» What to work on: Strip out all images, then restate the data verbatim.

» Stored data:

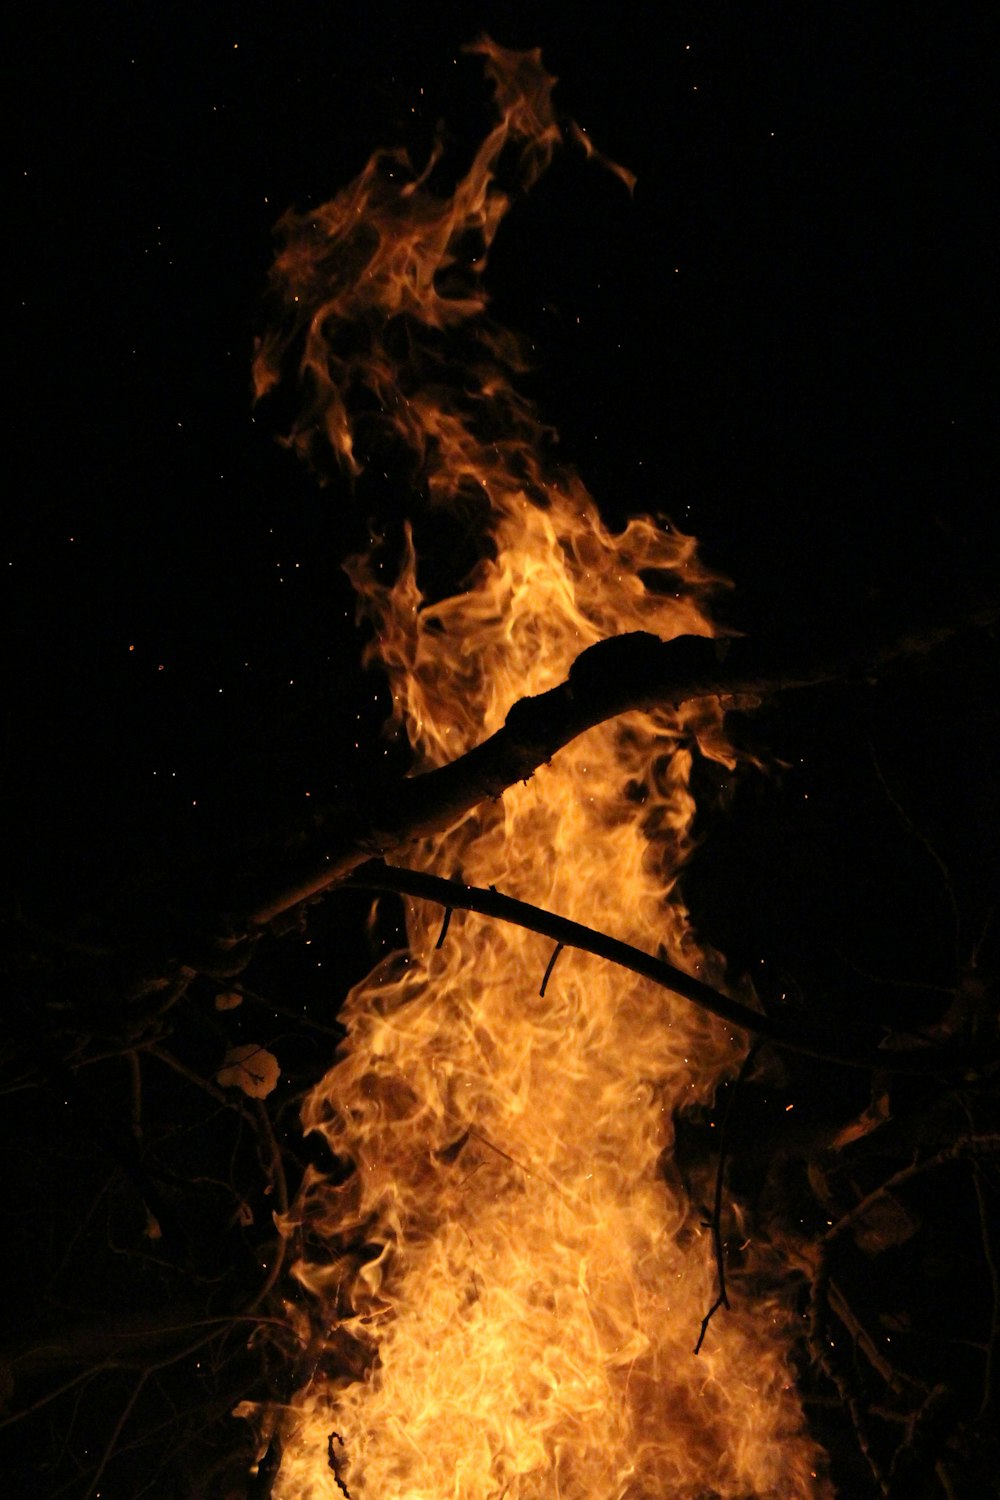 fuoco al buio durante la notte
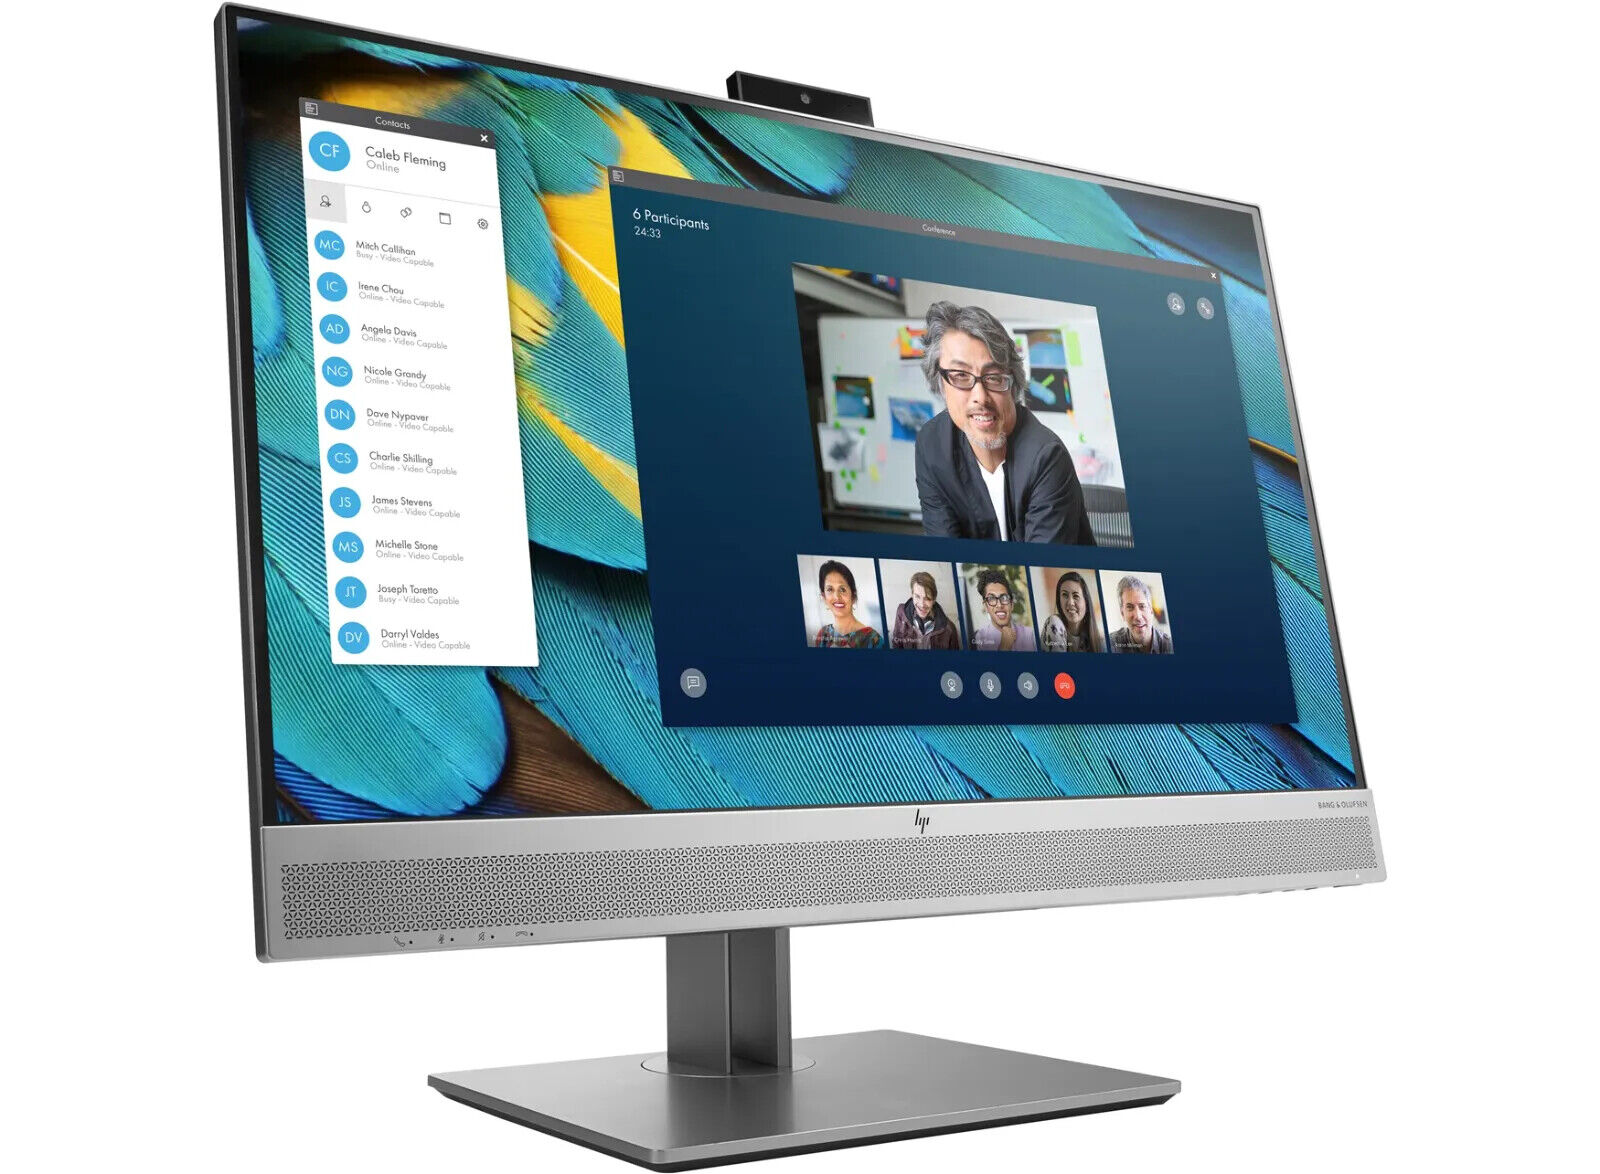 HP-EliteDisplay-E243m-238-IPS-LED-Monitor-with-Pop-up-Webcam-Audio-165345694697-3
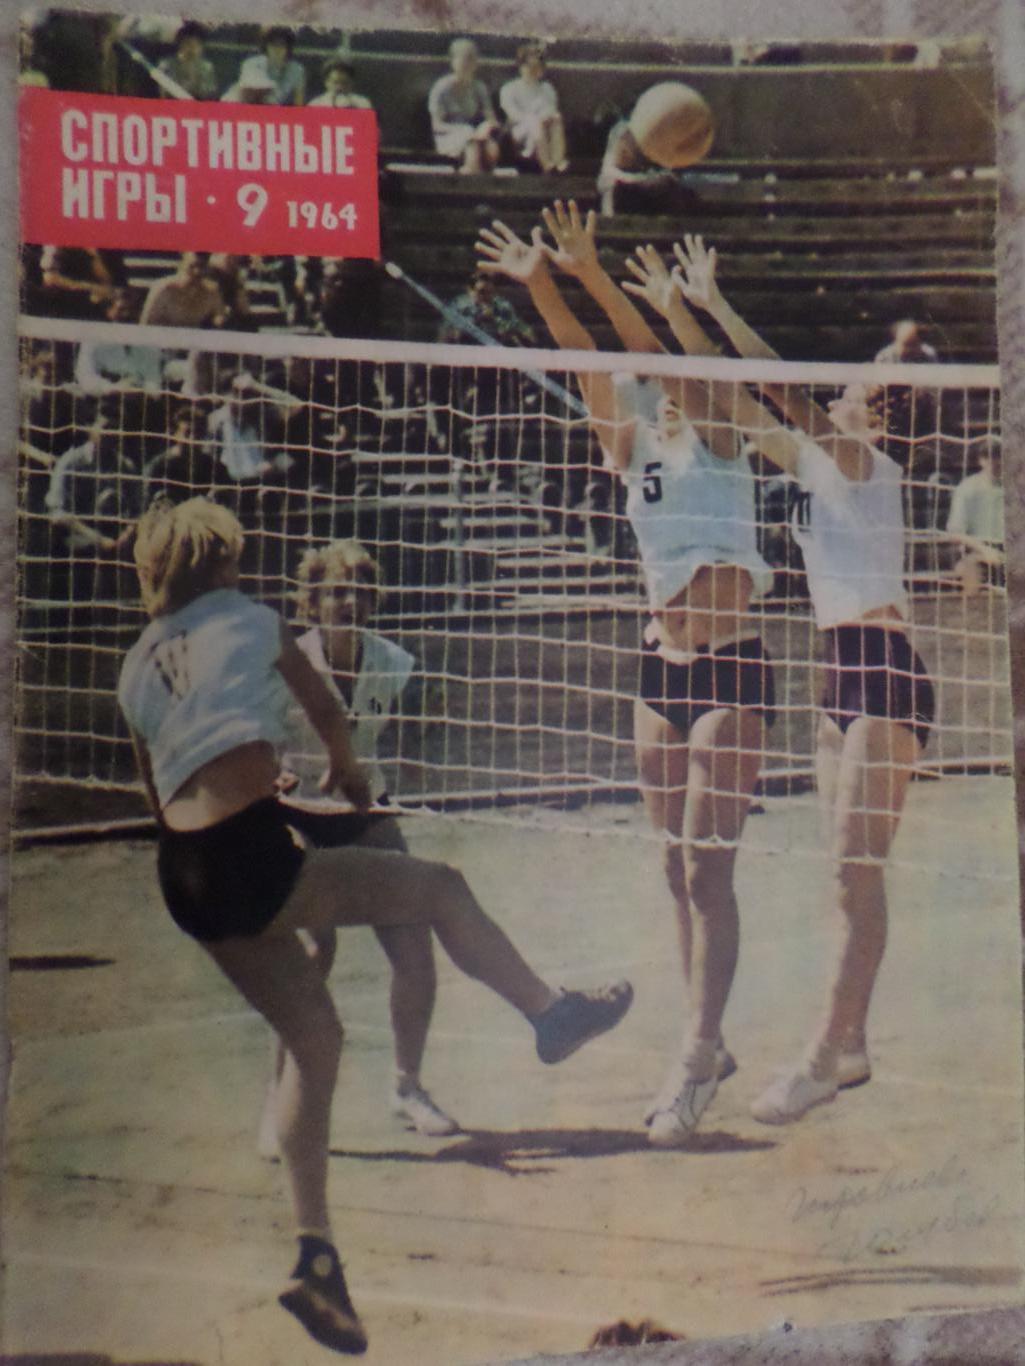 журнал Спортивные игры номер 9 1964 г

» Expected output:
 fuoco al buio durante la notte
 HP-EliteDisplay-E243m-238-IPS-LED-Monitor-with-Pop-up-Webcam-Audio-165345694697-3
 журнал Спортивные игры номер 9 1964 г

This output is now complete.